- Born: c. 1933 Fort George, Scotland
- Origin: Australia
- Died: 2004
- Formerly of: Queensland Pops Orchestra

= Colin Harper (conductor) =

Colin Harper AM MBE (c. 1933 – 2004) was a Scottish Australian conductor and the founder of the Queensland Pops Orchestra.

Harper was born in Fort George in Scotland. He joined the Army when he was 14 and later became the bandmaster of Gordon Highlander regiment.
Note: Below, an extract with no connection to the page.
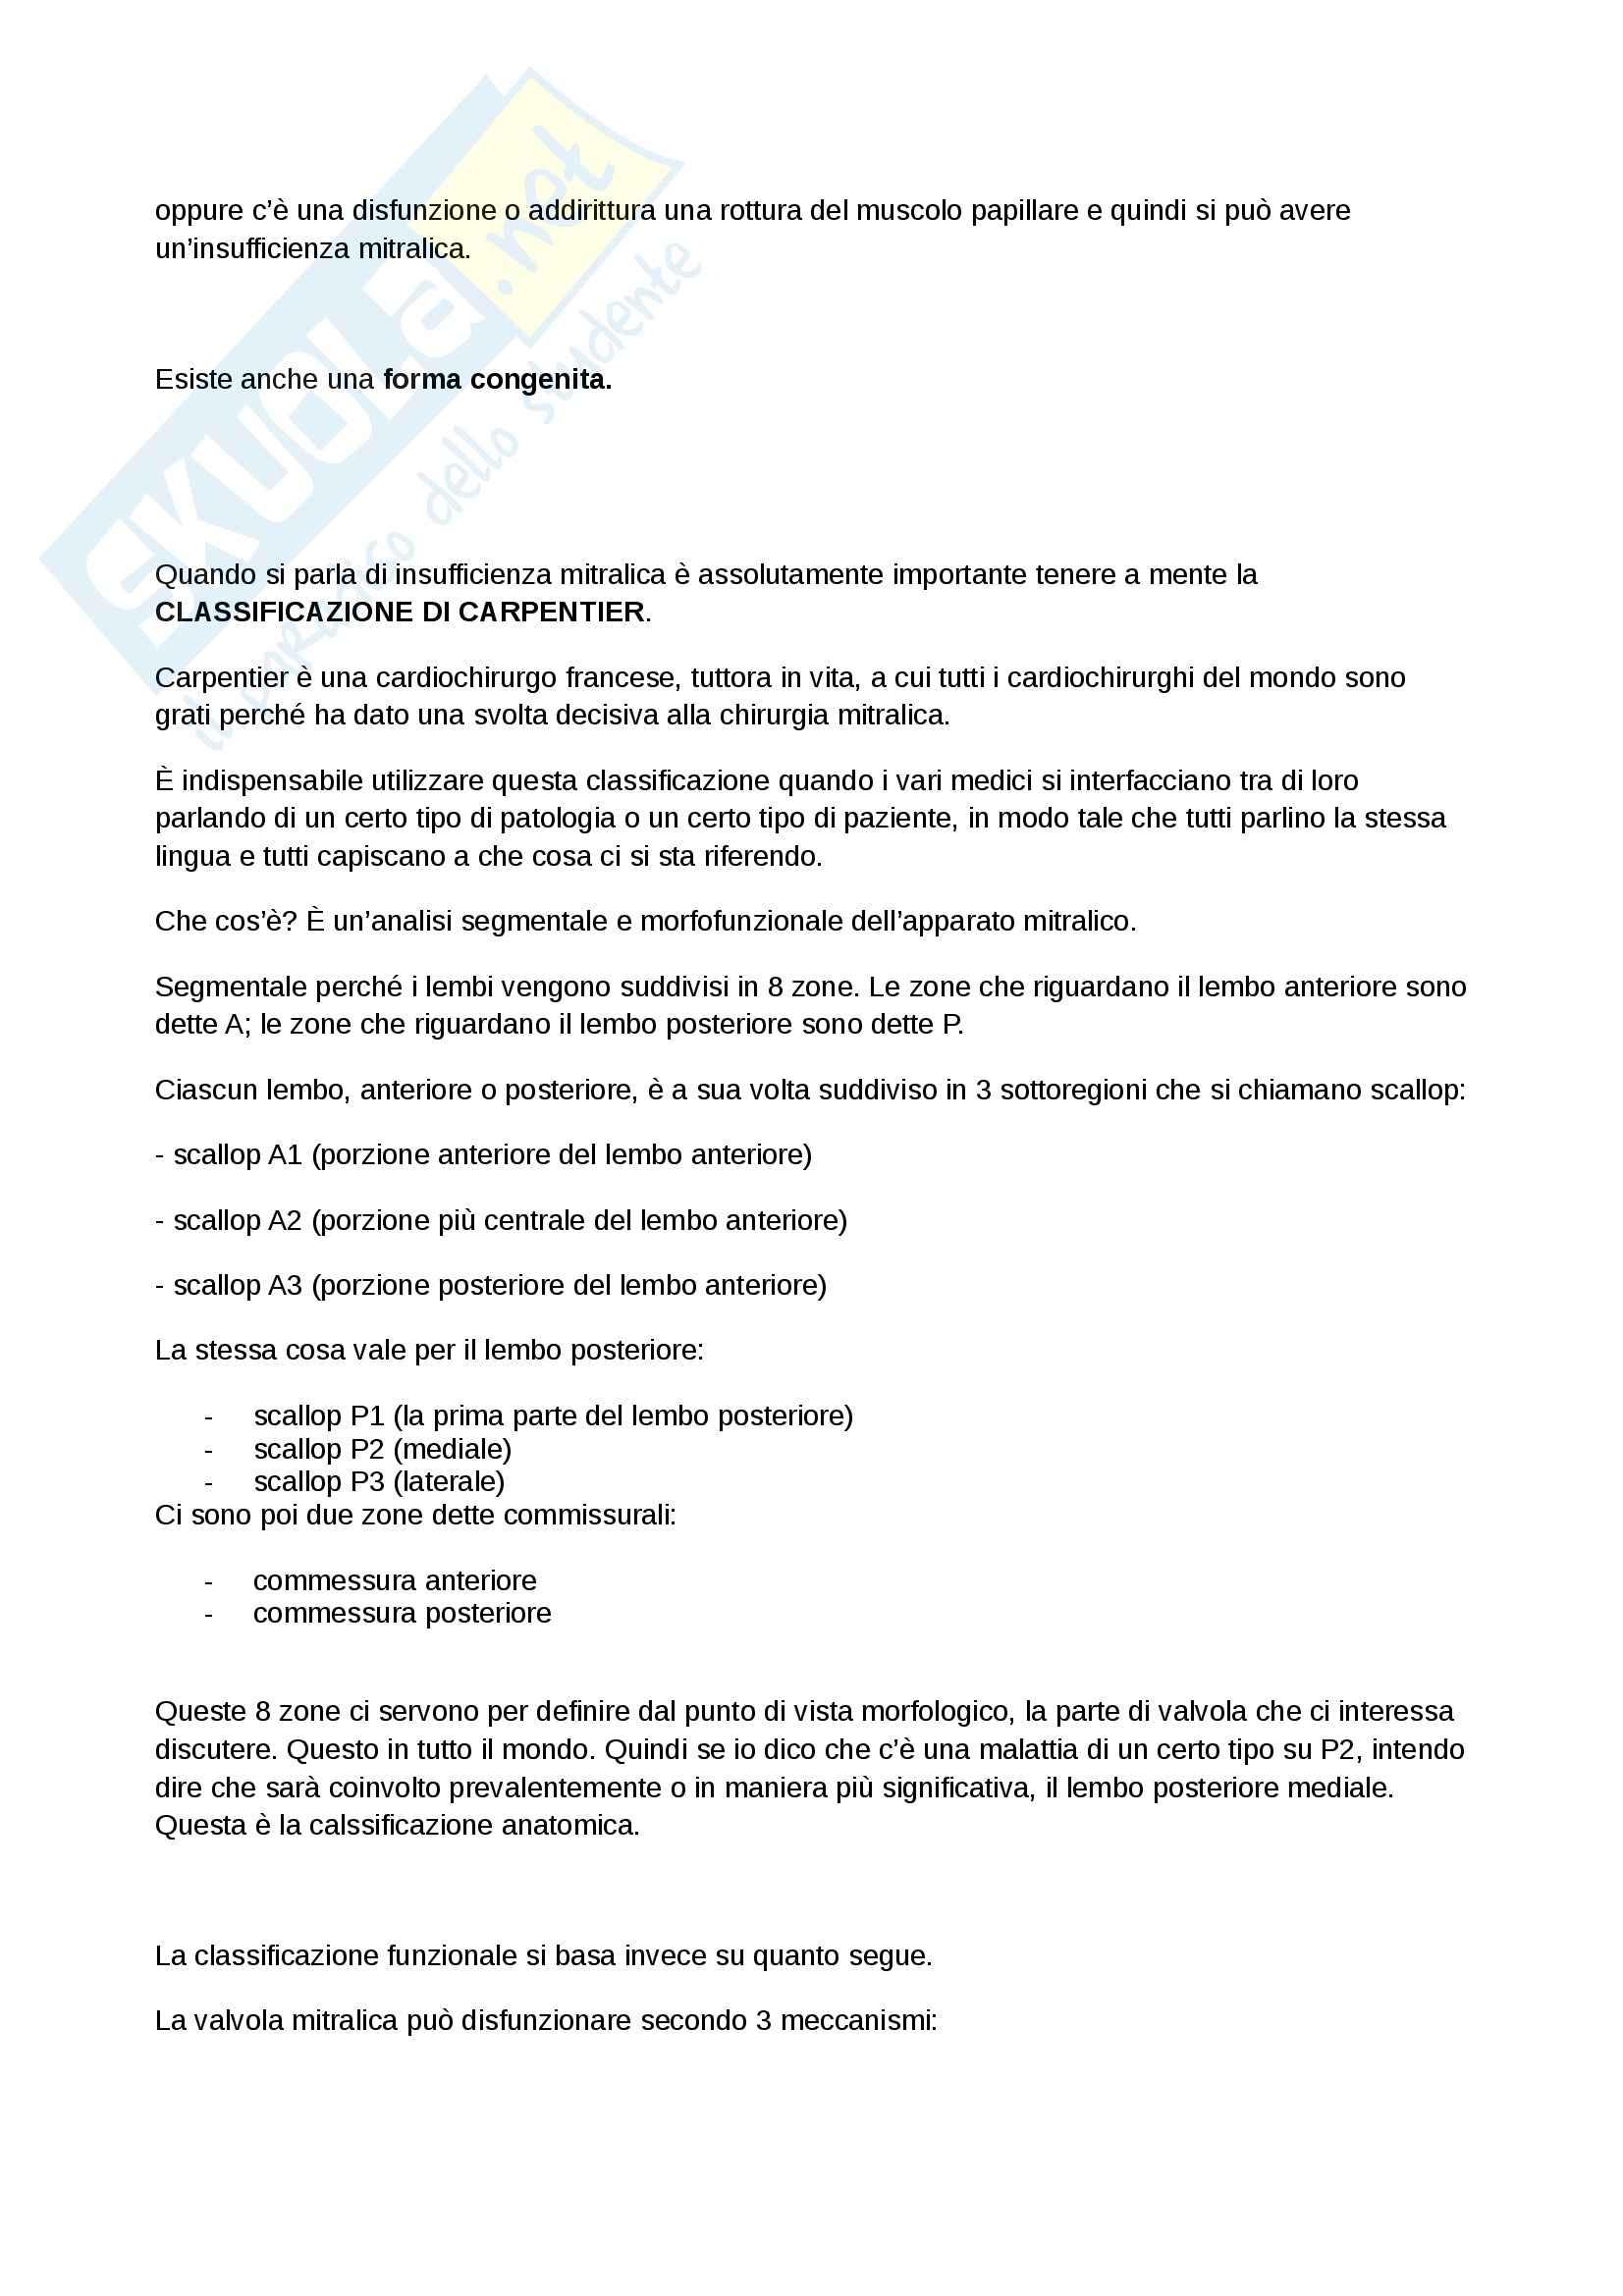 Malattie cardiovalscolari e respiratorie, Cardiochirurgia - Appunti Pag. 6

He moved to Australia in 1972 and became the music director of the Fifth Military District band in Perth. 1981 saw him move to Brisbane where in 1984 he founded the Queensland Pops Orchestra who put on series of The Best of British and Scotland the Brave concerts. Harper died in January 2004 from cancer.

The 2000 ABC Classics album release of highlights of one of his Scotland the Brave concerts was nominated for the 2001 ARIA Award for Best Cast or Show Album.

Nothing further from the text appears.